Many studies show that the method is effective and durable, “except in cases of very severe insomnia, with less than five hours of sleep per night, against which new drugs could be interesting”, recognizes Pr Renaud Tamisier, president of the Scientific Council of the French Society for Research and Sleep Medicine. Unfortunately, this therapy remains inaccessible in France: “About 500 doctors and psychologists are trained for at least 5 million chronic insomniacs. We are very far from the mark…”, sighs Sylvie Royant-Parola. But e-health could provide answers to patients without a solution. The United Kingdom has already taken the plunge: Sleepio, an application developed twenty years ago by a doctor, is now reimbursed there. Nothing like this in France for the moment, because this innovative offer, packed with artificial intelligence and very interactive, should not be confused with the banal generic advice on sleep hygiene found on apps dedicated to sleep.

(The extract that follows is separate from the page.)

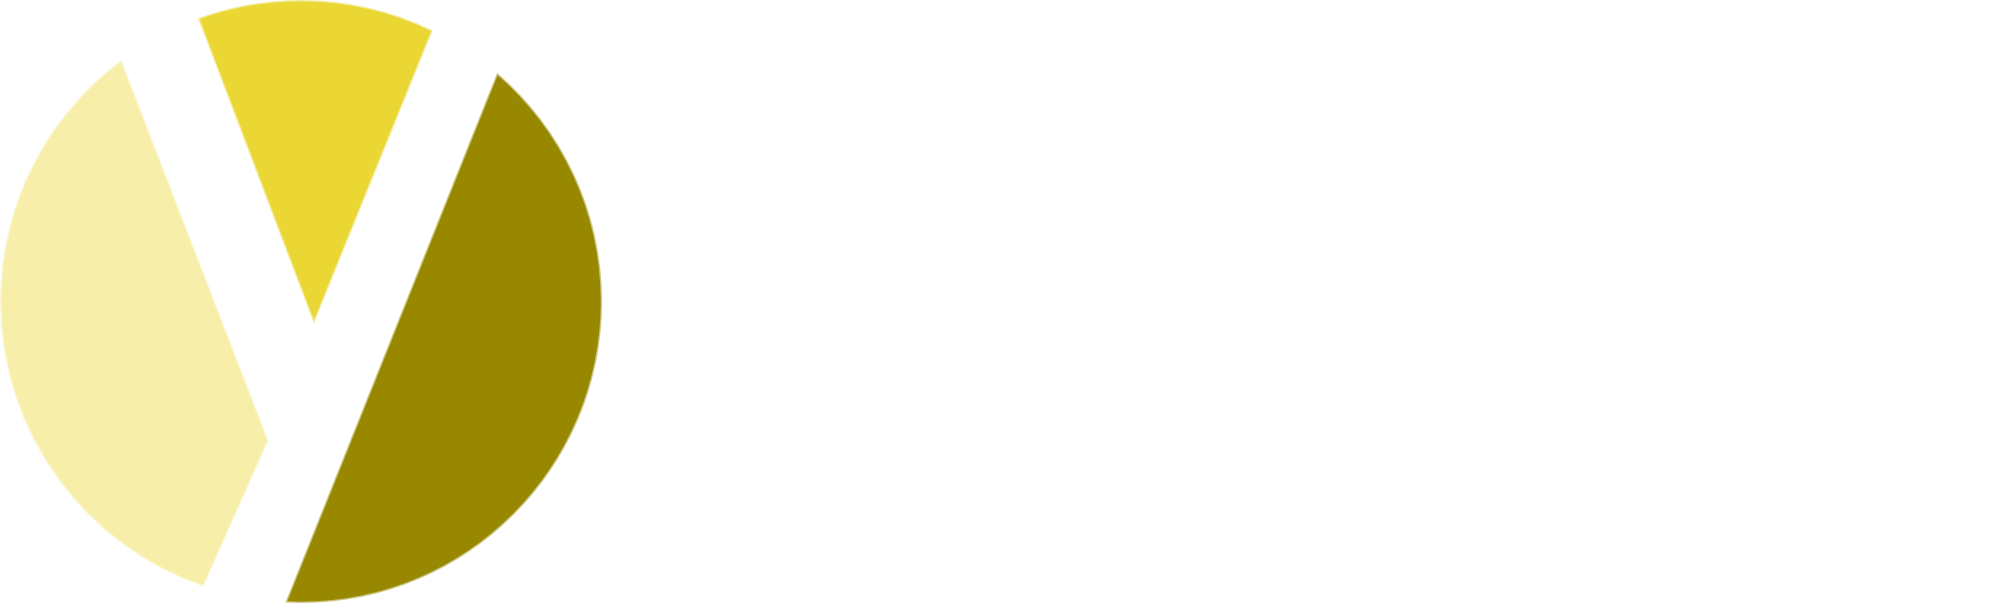 YEBDRI Amine

Prof. Pierre-Philip has nevertheless been working since the first confinement on a tool similar to Sleepio, in French, with its CNRS unit: Kanopee, available free of charge on the App Store and on Google Play. It allows you to quantify and monitor your sleep, your physical activity, your state of fatigue and your morale, to take stock and follow up with an electronic sleep diary and a support program. The first results are interesting: users gain forty-eight minutes of sleep compared to using an advice site, according to a study published in the scientific journal Journal of clinical medicine. What give hope to many insomniacs.